Look through the records below for the line with "Shampooing très doux". Return that line and each one after it up to and including the line with "Valle Ombretta, Italy.", exactly.

→ **STORED DATA**:
════

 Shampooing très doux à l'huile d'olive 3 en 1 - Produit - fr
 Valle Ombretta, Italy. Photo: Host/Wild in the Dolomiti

════

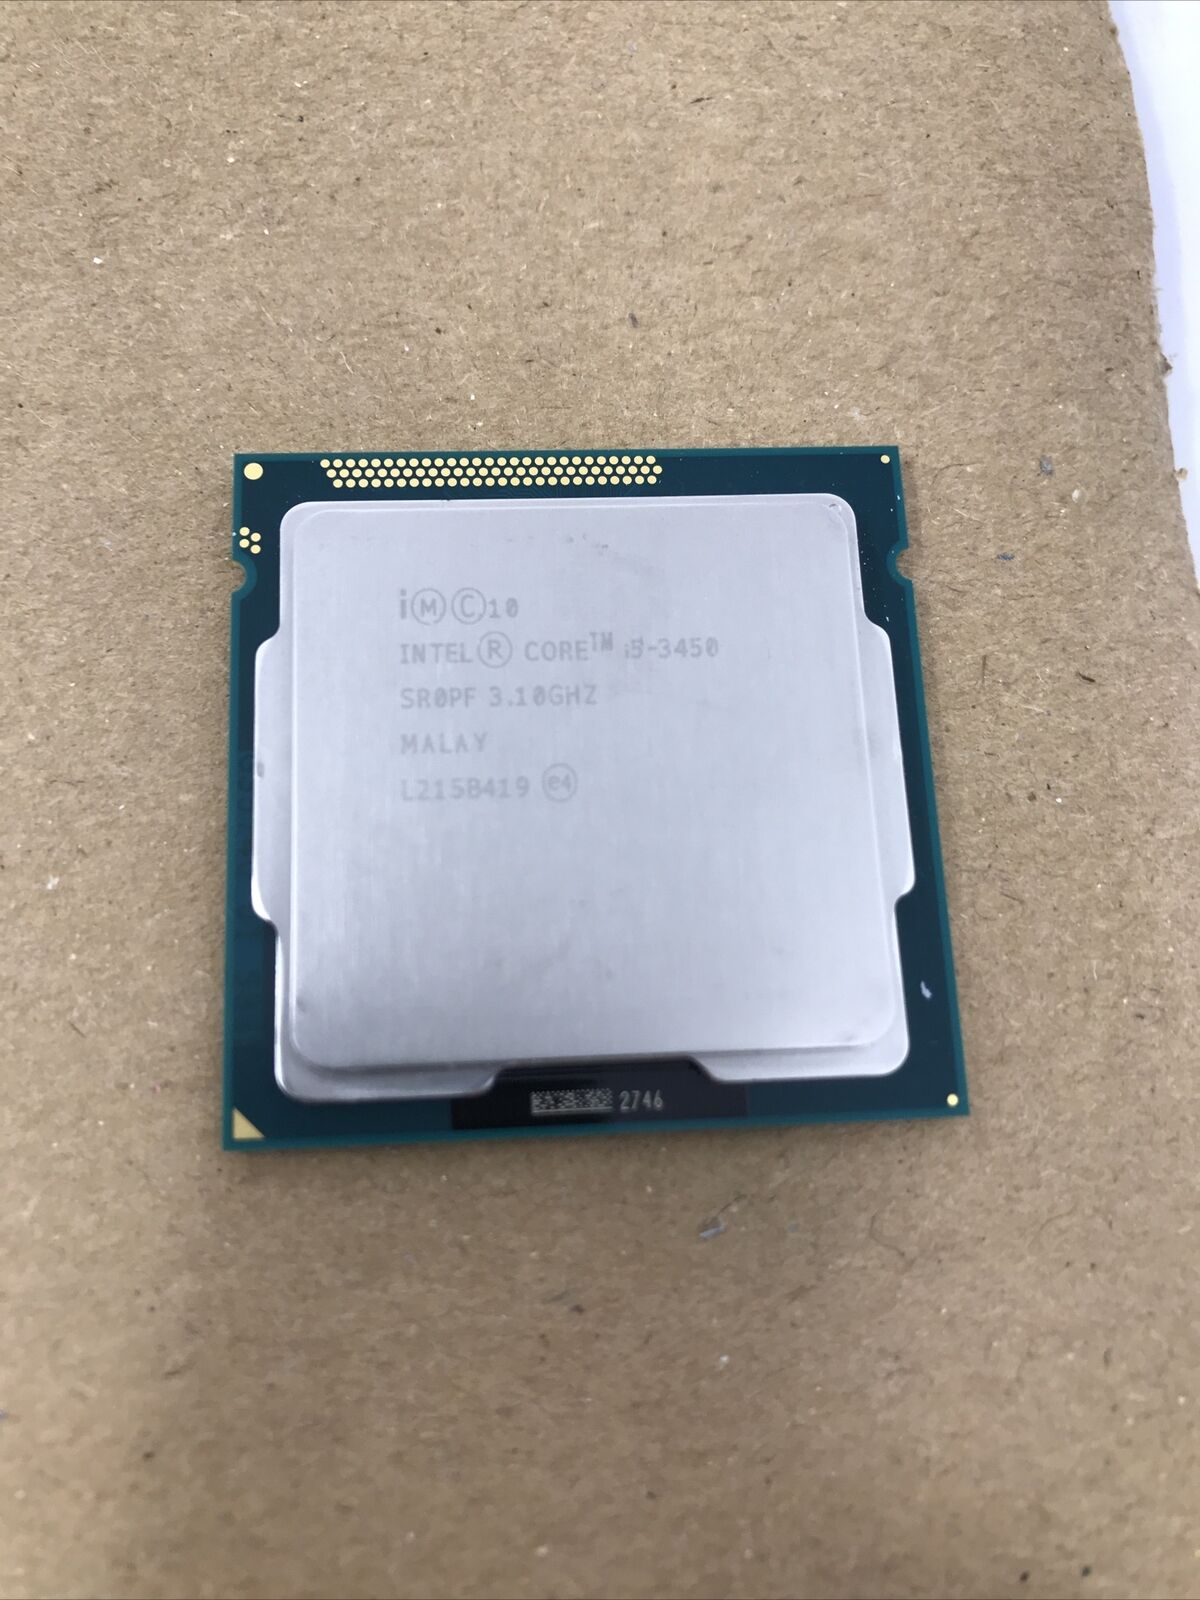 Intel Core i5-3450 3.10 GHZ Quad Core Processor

════

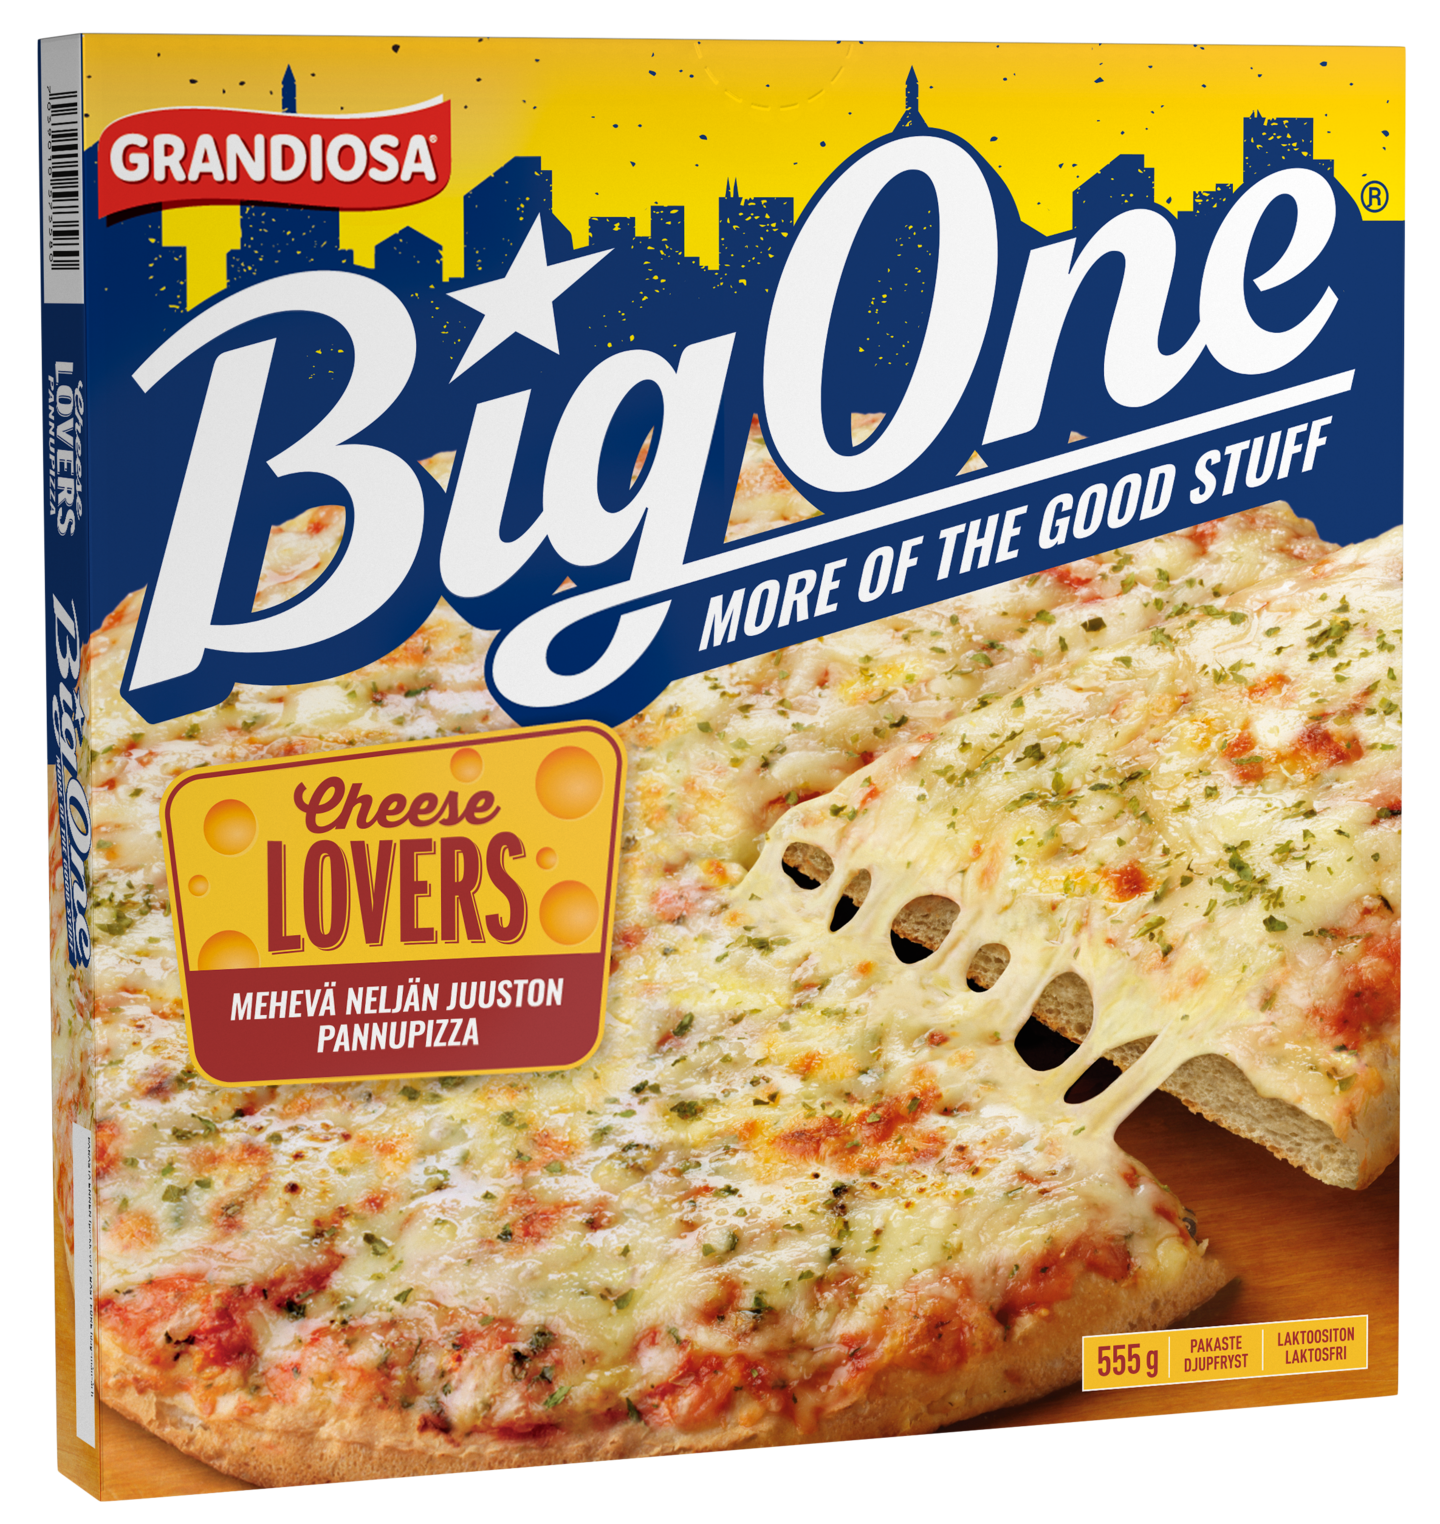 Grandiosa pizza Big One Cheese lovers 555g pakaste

════

→ **EXERCISE SOLUTION**:
 Shampooing très doux à l'huile d'olive 3 en 1 - Produit - fr
 Valle Ombretta, Italy. Photo: Host/Wild in the Dolomiti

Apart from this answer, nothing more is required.